Part 5 of a Basic Crochet Tutorial: Weaving in Ends
There is a wide variety of methods for tying off loose threads. Most of the time, you should focus on finding stealthy places to tuck away any loose threads of yarn. I find it much more efficient to let the new and old thread follow along as I crochet. In this link, you can find a more comprehensive explanation of the weaving-in process.
Shaping Your Projects: A Beginner's Guide to Crochet, Fifth Edition
Care for crocheted items is slightly different from that for store-bought clothing. In most cases, the label of the yarn you used will tell you how to wash your finished garment. Here, I've outlined what the instructions on a ball of yarn look like.

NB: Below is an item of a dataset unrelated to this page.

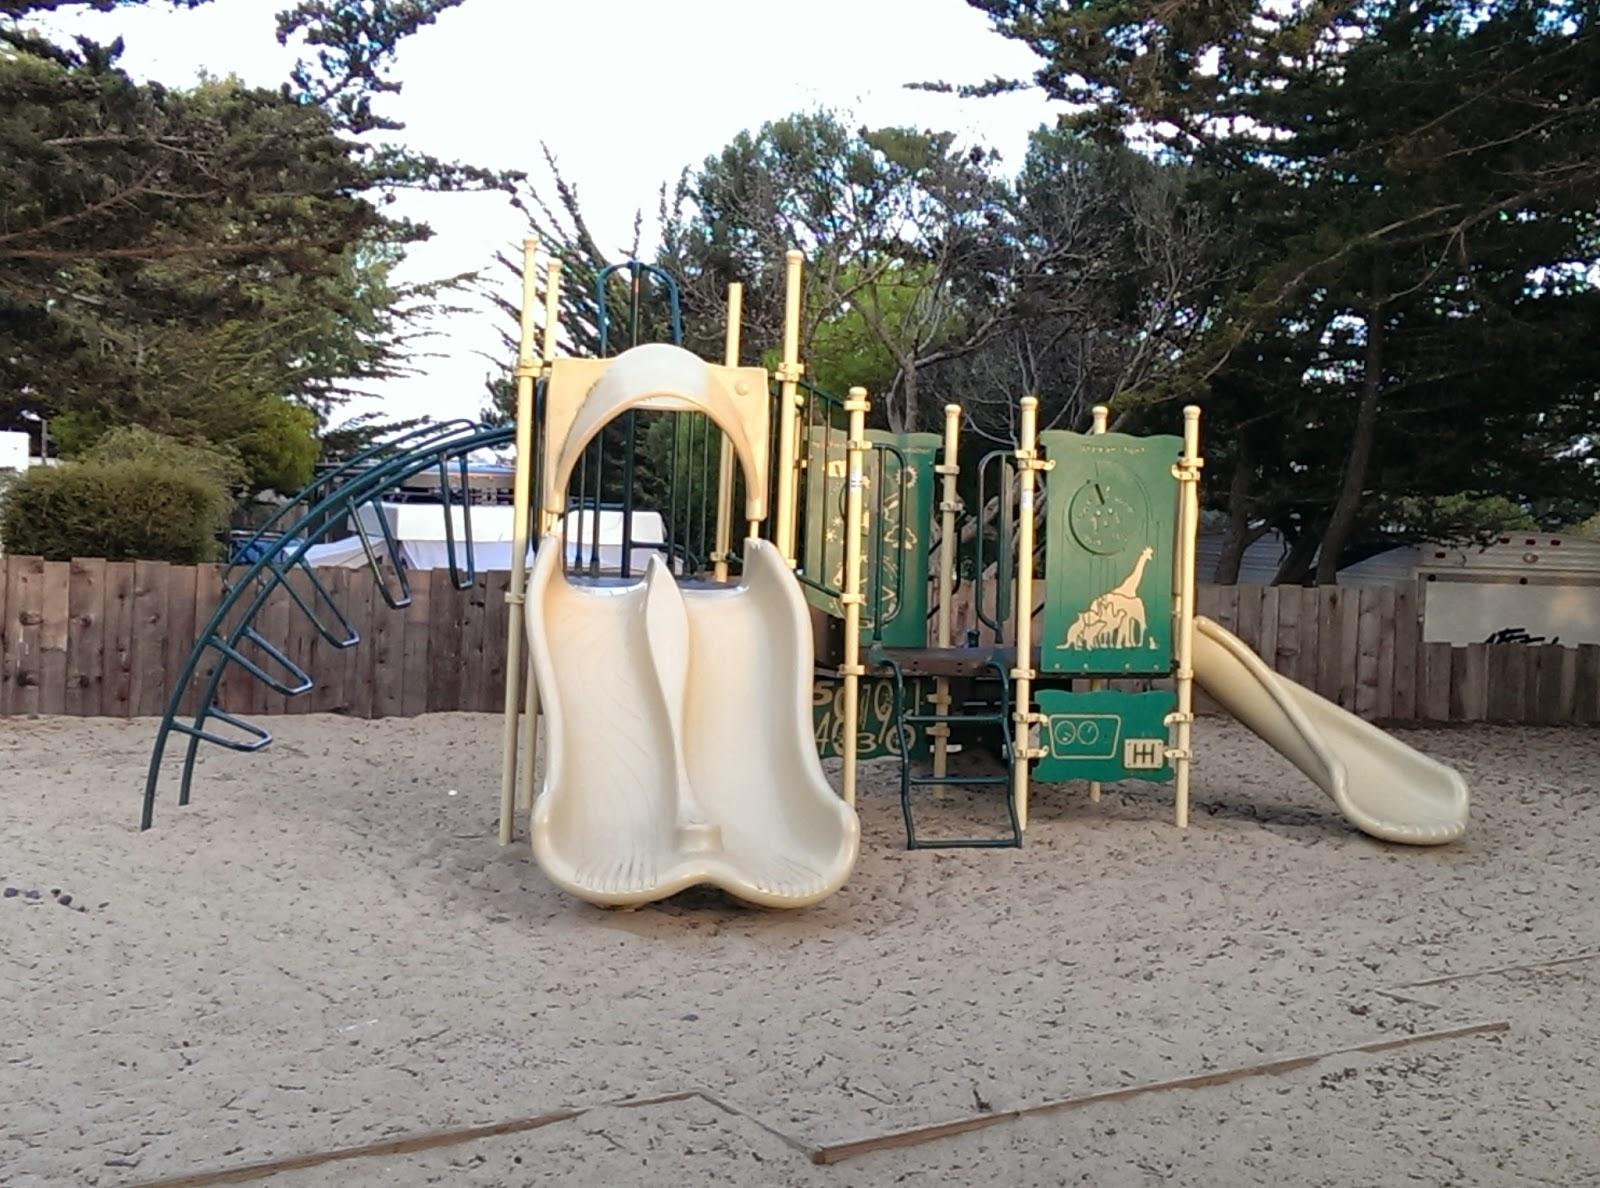 Monterey. Camping, RVing, Rentals, Marina Dunes, Beach, park

The garment would need to be reshaped after washing. To ensure that I get the desired result, I like to let it dry flat.
WHEN THE TUTORIAL IS COMPLETE, WHAT DO YOU DO NEXT?
I want to say how proud I am of anyone who follows this blog's instructions to make their first crocheted sweater. Congratulations
But where do we go from here?
If you're enjoying this and want to keep crocheting, there are countless options available. There is ONE sweater you should crochet if you want to keep making sweaters. 'The Summer Sweater' I've designed a lot of sweaters, but this one has sold the most.
This is one of the quickest knit sweaters you can make, and it uses a basic crochet stitch that anyone can pick up.
Related: Master the basics of sweater crocheting even if you're just starting out.
Read the posts linked below for more crochet inspiration, and feel free to email me if you have any questions or comments. In addition, I'd be thrilled to see photos of your first sweater and hear from you. Finally, check out the crochet resources page to see what I've uncovered for you to use on your next project.